I reached the fridge and opened it up, only to see that it was bare, the only things I could see was butter and maybe some packs of vegetables that had been left in there for months, the second most pathetic thing I had ever seen in my life, the first being myself; I couldn't even keep the fridge stocked, let alone keep enough in for long enough that it would last, and that meant I'd now have to go shopping... It was typically something I dreaded as I didn't like the amount of people around, I felt as though they were all doing better than me yet they all seemed so unhappy, they looked tired and so done with everything just like me and no one deserved to be like me. I bit my lip and slammed the door closed, standing in the middle of the room with my fists clenched tightly, how could I let myself get this far? I couldn't possibly go any further otherwise I'd end up hurting everyone else.

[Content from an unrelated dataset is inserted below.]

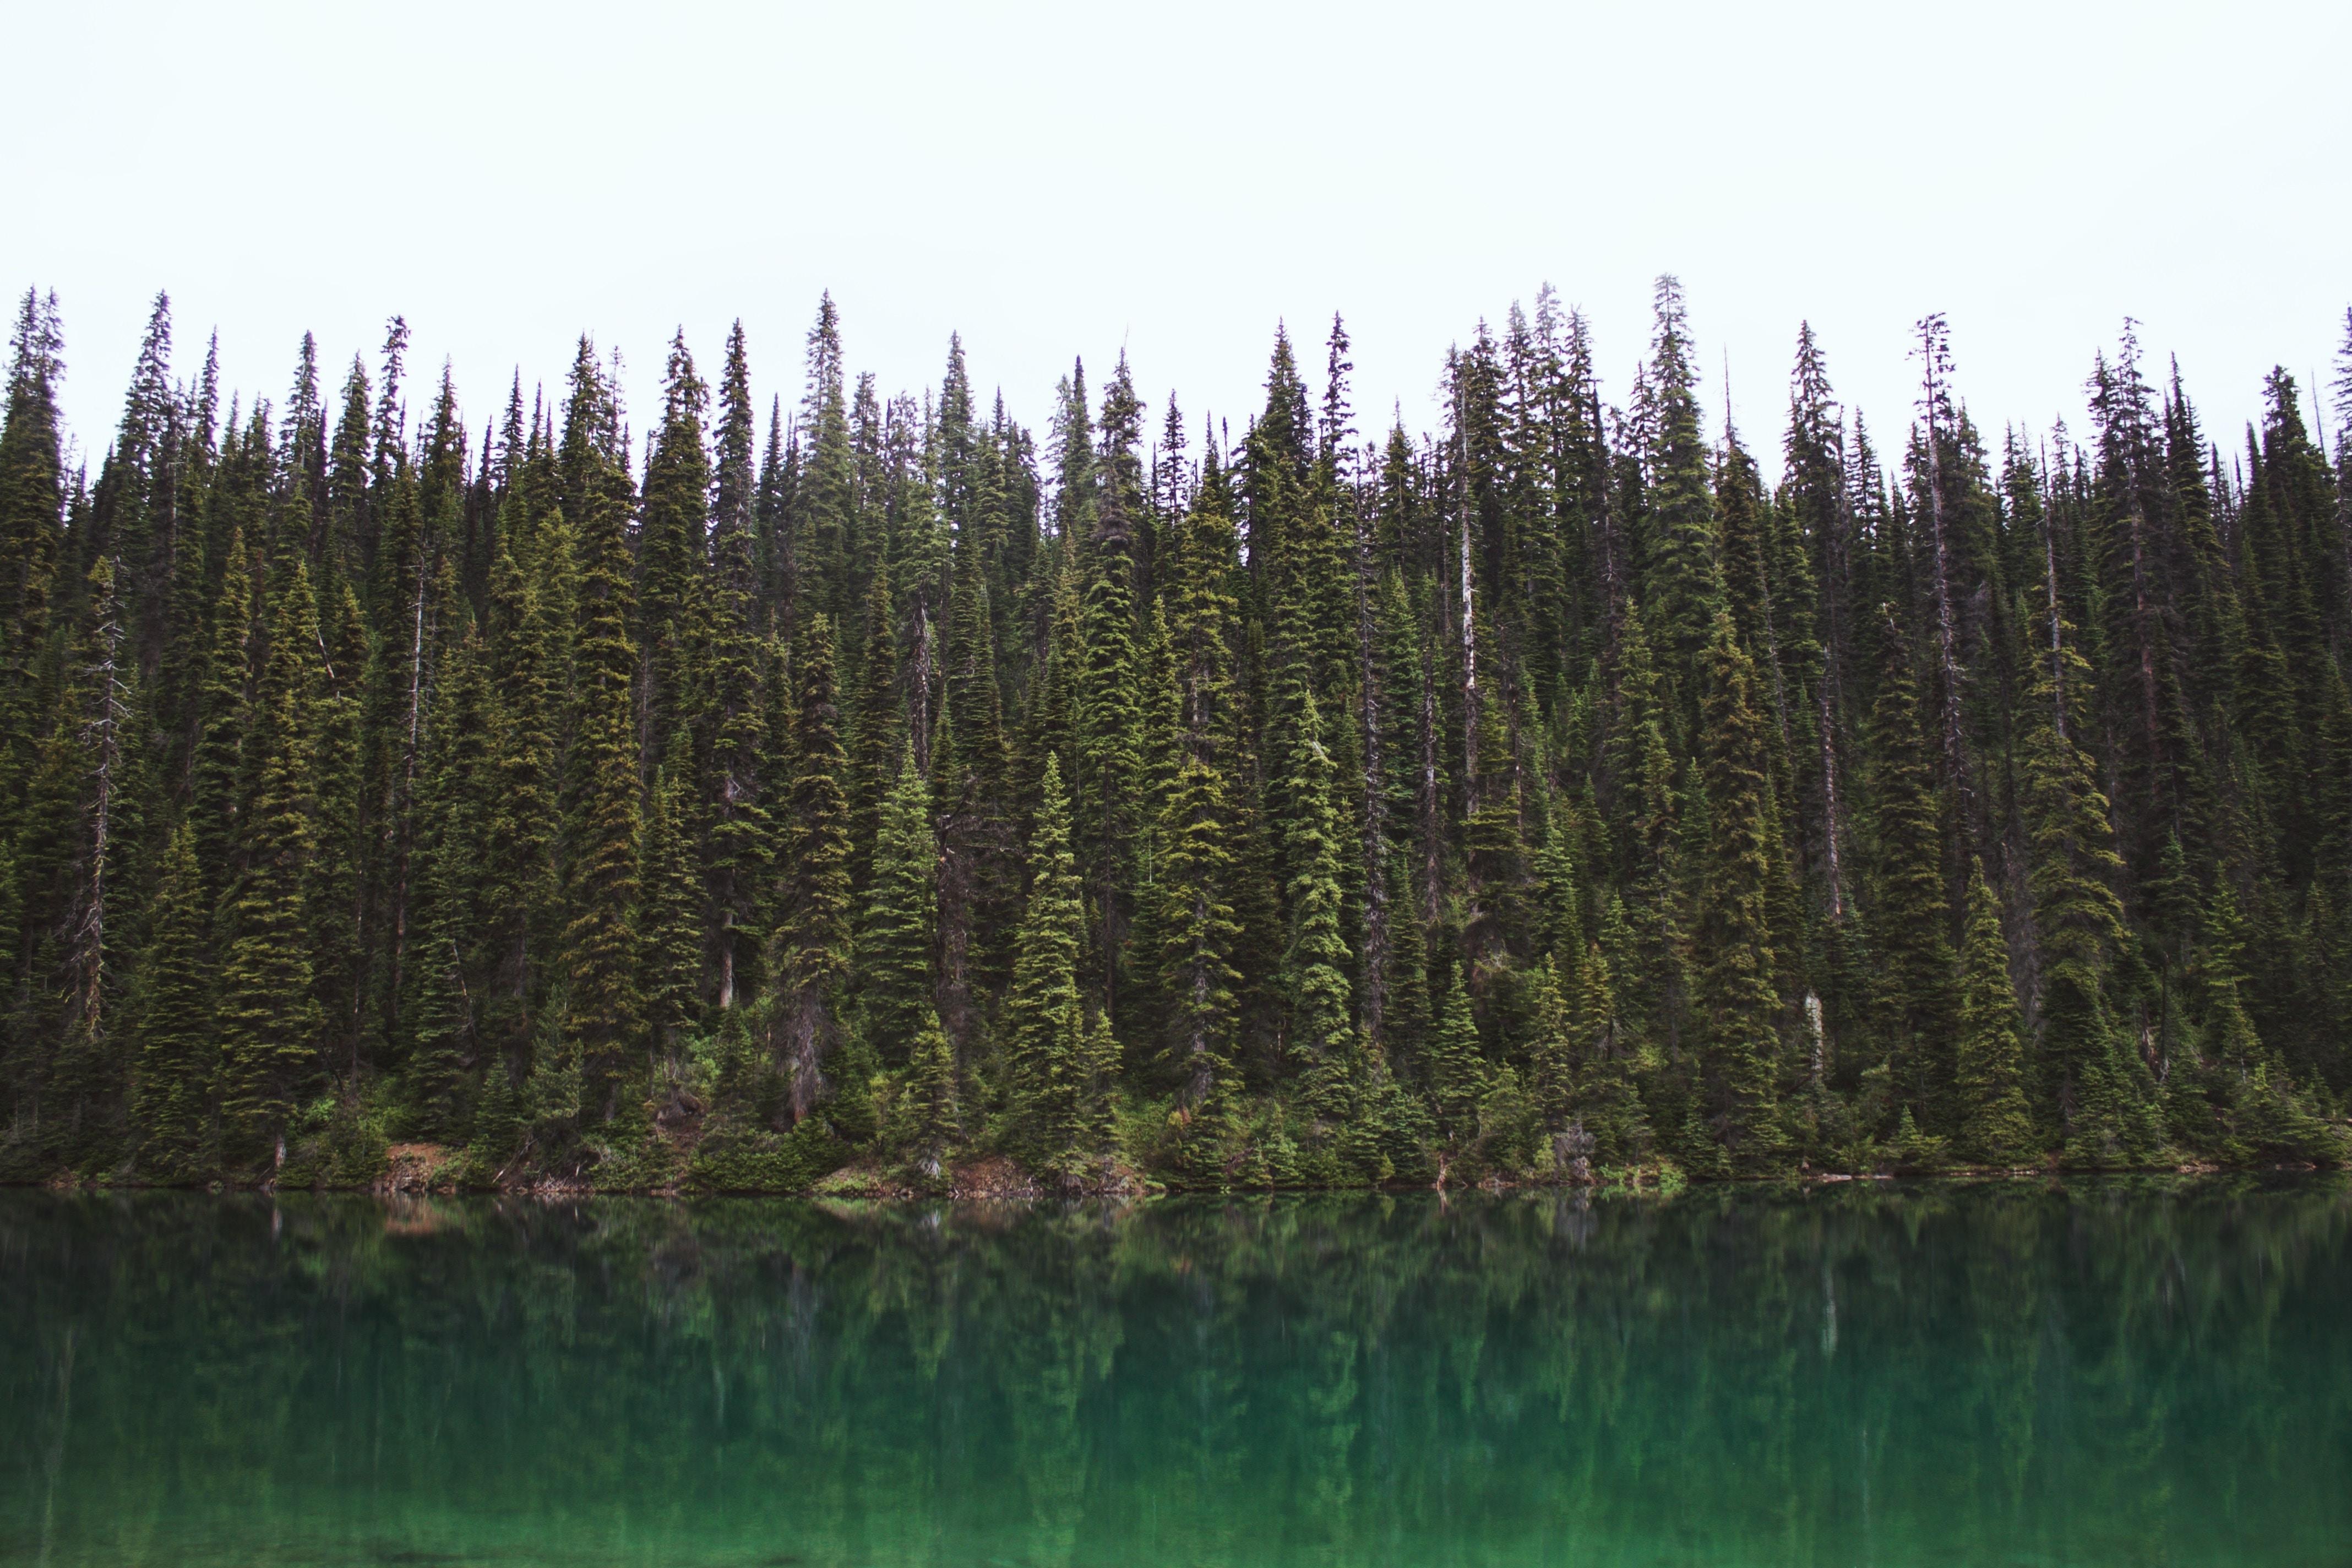 green pine trees beside body of water

I was unable to move and it felt as though something was watching me closely, ready to strike from a far; I glance around me to see what was there but where it felt like eyes were boring into me, nothing was there. I shakily forced myself into mobility and turned on my heel, leaving the room as quickly as I could so I wouldn't have to feel the burning sensation of being watched, once my feet landed in the hallway, I realised I had been holding my breath the entire time as my chest burned from the lack air in my lungs, it was a nasty feeling. It was only when I almost collapsed was when I finally drew in a deep breath, hoping it would be enough to replenish my energy however I felt weak; I managed to get myself to stand up even though my legs were quivering and I pulled my aching body upstairs until I arrived in my room. I knew that if I went to sleep now I still wouldn't wake up on time in the morning anyways but I don't think I could stay awake, not after the emotional day I've had; it wasn't even that late but I didn't want to think for any longer, I dropped onto my bed and let the tiredness take over. Please... don't blame me for anything.